Ihr Haus in Gohlis, der „Palazzo Chippi“ in der Richterstraße 27, brannte im Februar 1945 nieder. Vorher war schon das Verlagshaus der Insel in der Kurzen Straße 7 ein Opfer der Bomben geworden. Die Kurze Straße in der Leipziger Ostvorstadt heißt seit 2000 Spohrstraße. Die berühmte Goethe-Sammlung Anton Kippenbergs war schon vor dem Brand des Kippenberg-Hauses ausgelagert worden und dann von den Amerikanern in einem gesicherten Transport nach Marburg transportiert worden.

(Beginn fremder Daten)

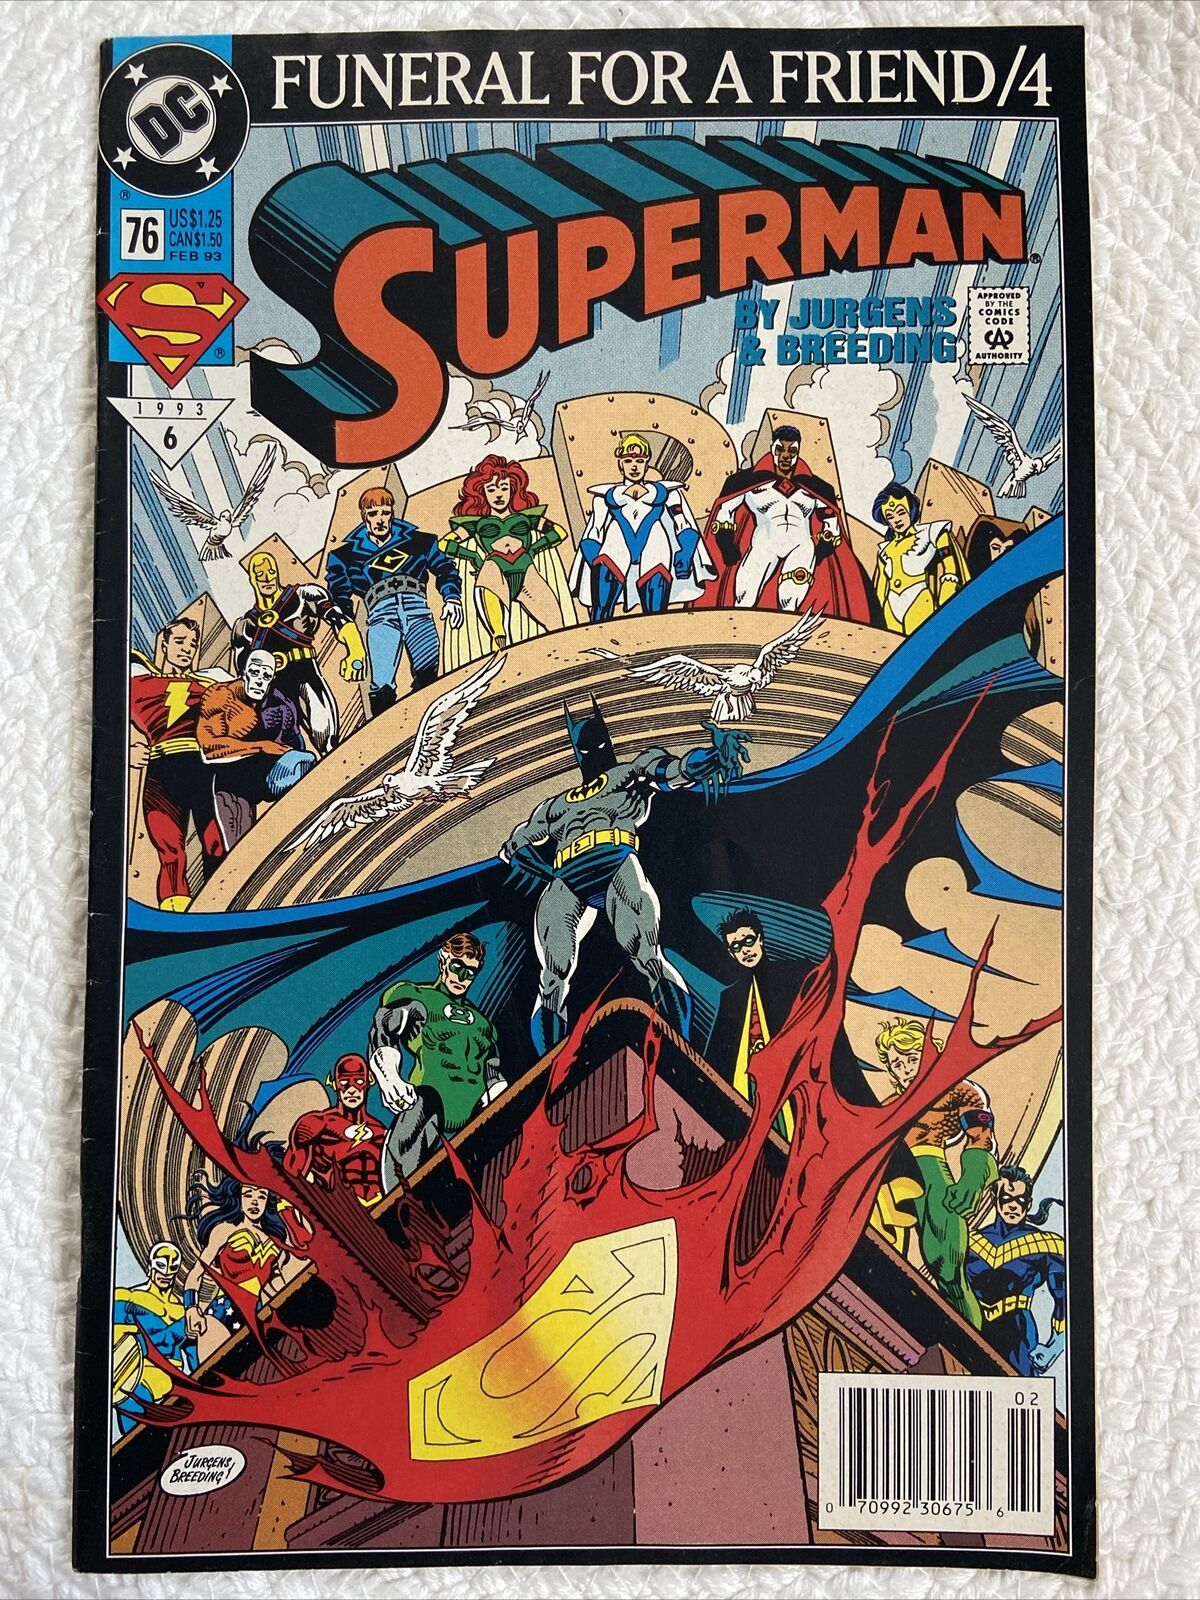 Superman #76 DC Comics 1993 #6 -Funeral For A Friend /4 By Jurgens & Breeding

Die Kippenbergs folgten ihrer Sammlung, sodass auch beim Insel-Verlag jenes doppelte, über 40 Jahre währende Interim begann mit einer Niederlassung in Wiesbaden und einem nie ganz verstaatlichten Verlagsteil in Leipzig.
Heute ist der Suhrkamp-Verlag, der gerade seinen medienwirksamen Umzug von Frankfurt nach Berlin hinter sich hat, Inhaber des Insel-Verlages. Die Insel-Bändchen verkaufen sich nach wie vor gut. Aber die Insel sorgt nicht mehr – wie zu Katharina Kippenbergs Zeiten – für Aufsehen, Neuentdeckungen, anspruchsvolle Diskussionen. Der Laden läuft – aber das Feuer fehlt. Das behält Ulla Berkewicz dann doch lieber den Suhrkamp-Titeln vor.
Kann man jetzt natürlich trauern über den Abschied des Insel-Verlages von Leipzig. Aber gerade die Geschichte Katharina Kippenbergs zeigt: Ein erfolgreich eingeführter Verlags-Name ist das eine – eine kluge Arbeit mit den Autoren und am Profil sind etwas ganz anderes. Letzteres hängt an Verlegerpersönlichkeiten, die auch – wie die Kippenbergs – regen Anteil nehmen am Kulturleben einer niveauvollen Stadt, die selbst einen Anspruch haben und auch wissen, wie er in gefragte Bücher umgesetzt wird.
Die beiden Kippenbergs haben sich darin augenscheinlich ideal ergänzt. Aber – auch das spricht Sabine Knopf kurz an – sie waren nicht das einzige Leipziger Verlegerpaar, das sich gemeinsam für ihren Verlag und das unverwechselbare Buch engagierten. Die Buchstadt ist ohne diese hochkompetenten Frauen nicht denkbar. Man muss sie nur suchen. Stoff genug für noch einige Wieder-Enteckungen.
Sabine Knopf Katharina Kippenberg, Sax Verlag, Beucha/Markkleeberg 2010, 18 Euro.